O próprio preservativo da era Perestoika é um pequeno anel alongado, que por sinal é visivelmente maior que o “produto número dois” de 1973 – não se sabe se é por caso de que os preservativos mais antigos encolheram devido à secagem ou porque o “tamanho número dois” soviético era bastante reduzido.
Uma outra lenda urbana soviética dizia que os preservativos produzidos na URSS tinham o chamado “duplo propósito” – supostamente durante a guerra [quando a pátria socialista for atacada pelos imperialistas e seus lacaios], os preservativos poderiam ser usados ​​como a pinça hemostática ou um recipiente para transportar 2-5 litros de água. 
O preservativo na foto explodiu após receber cerca de 500 mililitros (0,5 l) de água.

Posfácio...

Na URSS as camisinhas quase nunca eram compradas pelas mulheres, pois o bom povo soviético considerava que só as “mulheres da vida” (as prostitutas) fariam uma “coisa dessas”, e todo o tema do sexo e sexualidade era um grande tabu – como se dizia publicamente “na URSS não existia sexo” e não havia nenhum programa de esclarecimento aos jovens e adolescentes. Os filmes soviéticos eram muitíssimo pudicos, censura comunista cortava toda e qualquer cena ligeiramente erótica ou simplesmente sensual.
Naturalmente, a realidade era muito diferente da propaganda, os níveis de DTS/DST na URSS eram muito altos – as filas nas clínicas estatais que tratavam as DTS/DST eram enormes. Não existia nenhuma educação sexual na escola secundária [naturalmente não estamos falar de impingir o sexo às crianças da primária], tudo relacionado com o sexo e sexualidade era considerado um “tópico proibido” e deixado ao acaso.

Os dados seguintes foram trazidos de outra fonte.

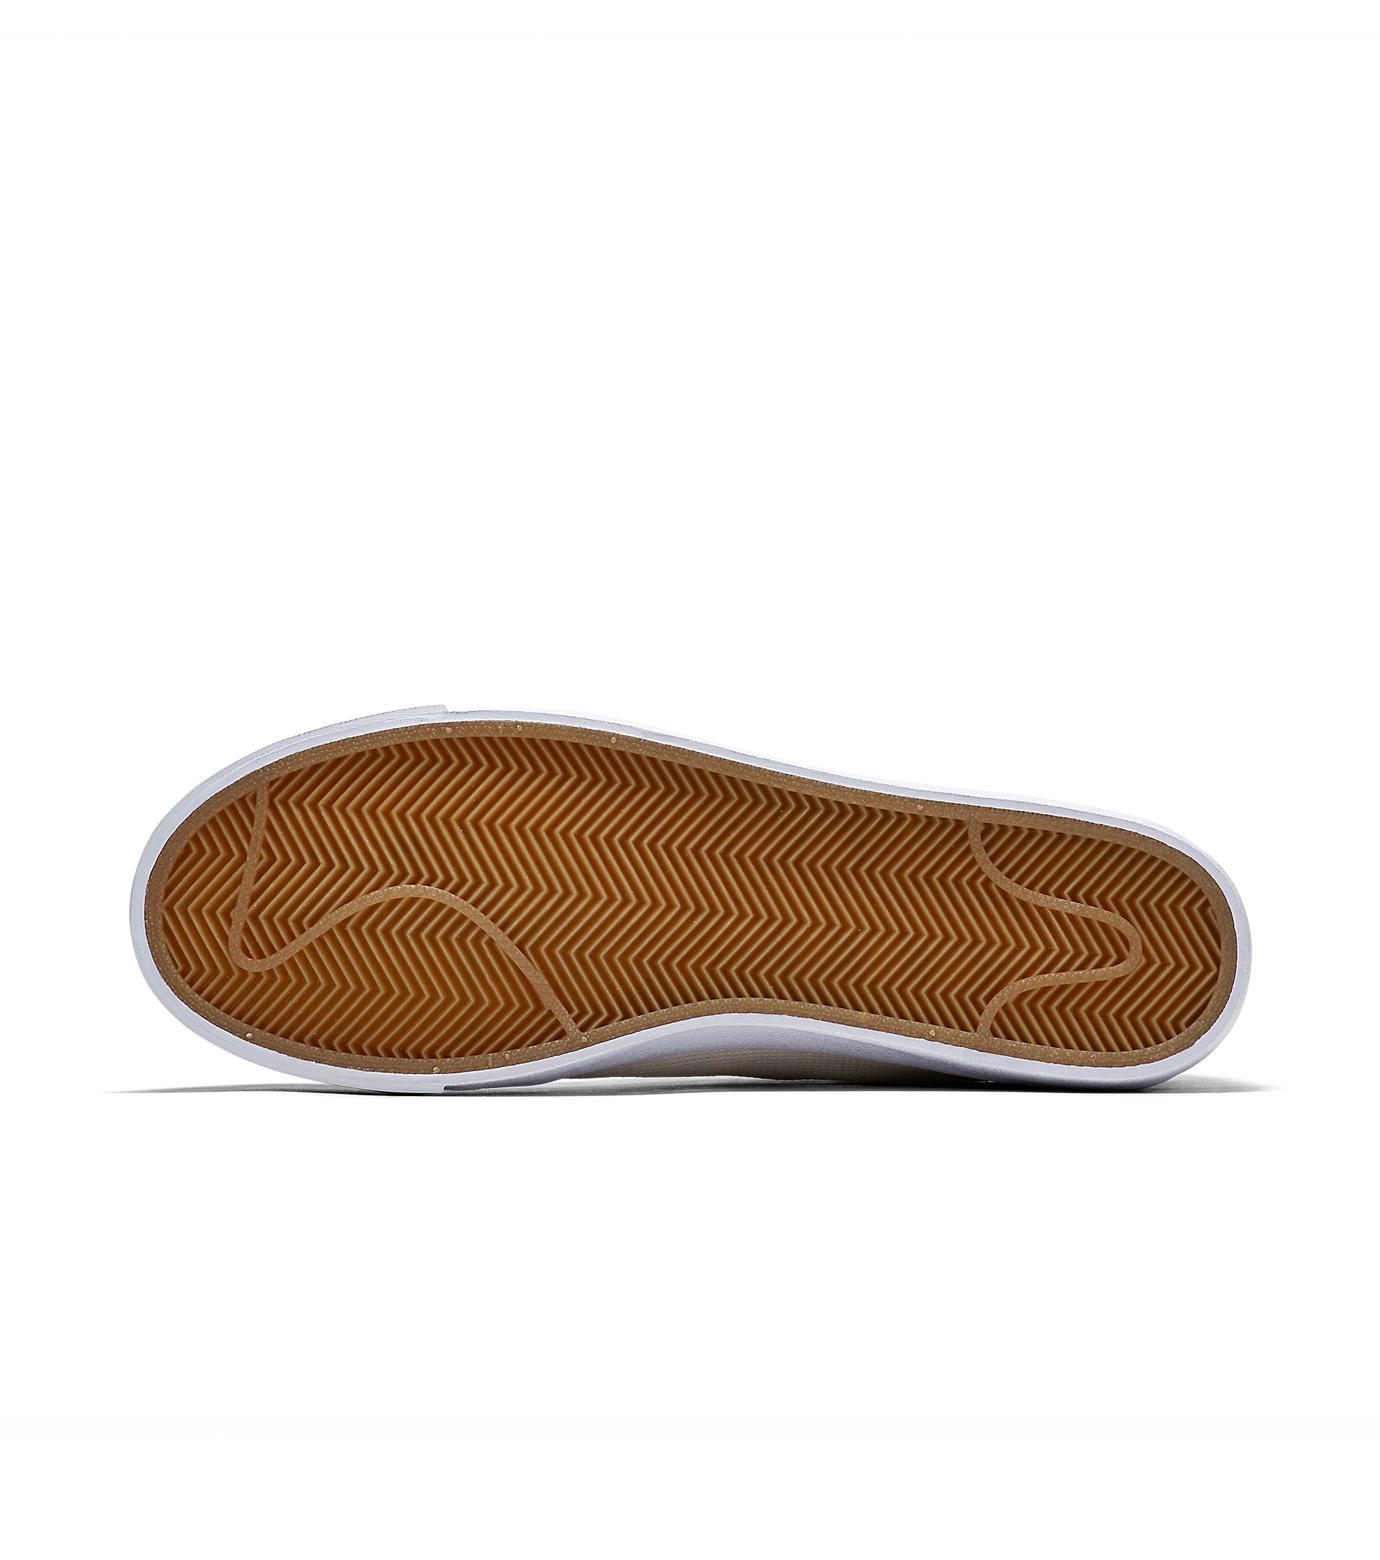 NIKE(ナイキ)のMatch Classic Suede-BEIGE(シューズ/shoes)-864718-100-52 拡大詳細画像2

Muito possivelmente tudo isso contribuiu para que a Rússia atual possuísse uma das maiores taxas mundiais de prevalência de HIV SIDA/AIDS (a terceira taxa mais alta do mundo). Na Rússia atual (tal como em várias partes da África) são fortes os movimentos populares de “HIV dissidentes” – pessoas que acreditam que HIV SIDA/AIDS simplesmente não existe. Particularmente, os “dissidentes” russos acreditam que HIV SIDA/AIDS é uma fabricação e difamação do Departamento de Estado americano. As crenças que continuam à contribuir para a disseminação de uma terrível epidemia...

Fotos e texto: Maxim Mirovich | [Ucrânia em África]

Blogueiro: além disso, os preservativos eram usados na URSS como uma espécie de tampas nos frascos de compotas, doces ou sumos caseiros, devido à escassez de tampas plásticas ou metálicas. Alguns donos de animais de estimação (os pets), usavam o «produto número um» soviético (os preservativos pequenos) para colocar nas patas dos seus cães/cachorros durante os passeios no inverno, quando as ruas soviéticas eram polvilhadas com o sal (para cidadãos não escorregarem), o que naturalmente era bastante prejudicial à saúde animal.